**ACTIVITY:** Going down the listing below, print exactly each line from the one with "Kuhn Rikon 5100" up to and including the one with "Fresh coconut milk ready to use", and skip the rest.

**PROVIDED RECORDS:**
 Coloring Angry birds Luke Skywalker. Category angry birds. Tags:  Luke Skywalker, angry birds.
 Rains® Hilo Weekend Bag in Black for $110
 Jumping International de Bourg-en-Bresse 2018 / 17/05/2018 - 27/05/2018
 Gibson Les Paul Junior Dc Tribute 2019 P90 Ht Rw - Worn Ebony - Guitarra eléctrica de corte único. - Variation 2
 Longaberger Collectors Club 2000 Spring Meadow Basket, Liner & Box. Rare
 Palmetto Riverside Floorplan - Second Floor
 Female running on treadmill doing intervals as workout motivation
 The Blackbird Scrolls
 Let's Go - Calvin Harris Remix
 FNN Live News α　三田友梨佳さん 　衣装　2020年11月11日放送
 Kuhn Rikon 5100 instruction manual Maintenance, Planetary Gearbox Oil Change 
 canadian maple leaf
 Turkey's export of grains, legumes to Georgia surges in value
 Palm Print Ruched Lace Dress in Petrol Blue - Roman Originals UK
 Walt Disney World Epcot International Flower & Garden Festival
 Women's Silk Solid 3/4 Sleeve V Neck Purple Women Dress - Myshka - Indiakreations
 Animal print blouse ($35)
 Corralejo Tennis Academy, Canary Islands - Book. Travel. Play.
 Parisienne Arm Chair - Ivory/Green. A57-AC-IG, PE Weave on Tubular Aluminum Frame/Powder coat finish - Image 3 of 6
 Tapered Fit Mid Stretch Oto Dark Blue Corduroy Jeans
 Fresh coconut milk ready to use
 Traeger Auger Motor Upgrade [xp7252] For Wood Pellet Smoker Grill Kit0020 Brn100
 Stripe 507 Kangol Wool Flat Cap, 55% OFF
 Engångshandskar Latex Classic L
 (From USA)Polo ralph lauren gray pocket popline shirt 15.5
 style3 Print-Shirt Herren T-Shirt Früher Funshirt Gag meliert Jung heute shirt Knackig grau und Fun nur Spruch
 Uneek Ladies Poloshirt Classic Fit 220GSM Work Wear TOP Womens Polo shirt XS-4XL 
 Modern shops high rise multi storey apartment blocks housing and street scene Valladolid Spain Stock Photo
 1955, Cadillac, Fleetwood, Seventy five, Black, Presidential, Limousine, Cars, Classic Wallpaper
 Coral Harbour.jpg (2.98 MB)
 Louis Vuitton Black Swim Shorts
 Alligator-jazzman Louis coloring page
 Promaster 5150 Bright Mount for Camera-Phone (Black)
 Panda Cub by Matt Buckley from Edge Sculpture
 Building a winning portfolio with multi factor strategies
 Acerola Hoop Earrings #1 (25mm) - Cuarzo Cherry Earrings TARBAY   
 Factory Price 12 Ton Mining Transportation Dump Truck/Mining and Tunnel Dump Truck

**ANSWER SPACE:**
 Kuhn Rikon 5100 instruction manual Maintenance, Planetary Gearbox Oil Change 
 canadian maple leaf
 Turkey's export of grains, legumes to Georgia surges in value
 Palm Print Ruched Lace Dress in Petrol Blue - Roman Originals UK
 Walt Disney World Epcot International Flower & Garden Festival
 Women's Silk Solid 3/4 Sleeve V Neck Purple Women Dress - Myshka - Indiakreations
 Animal print blouse ($35)
 Corralejo Tennis Academy, Canary Islands - Book. Travel. Play.
 Parisienne Arm Chair - Ivory/Green. A57-AC-IG, PE Weave on Tubular Aluminum Frame/Powder coat finish - Image 3 of 6
 Tapered Fit Mid Stretch Oto Dark Blue Corduroy Jeans
 Fresh coconut milk ready to use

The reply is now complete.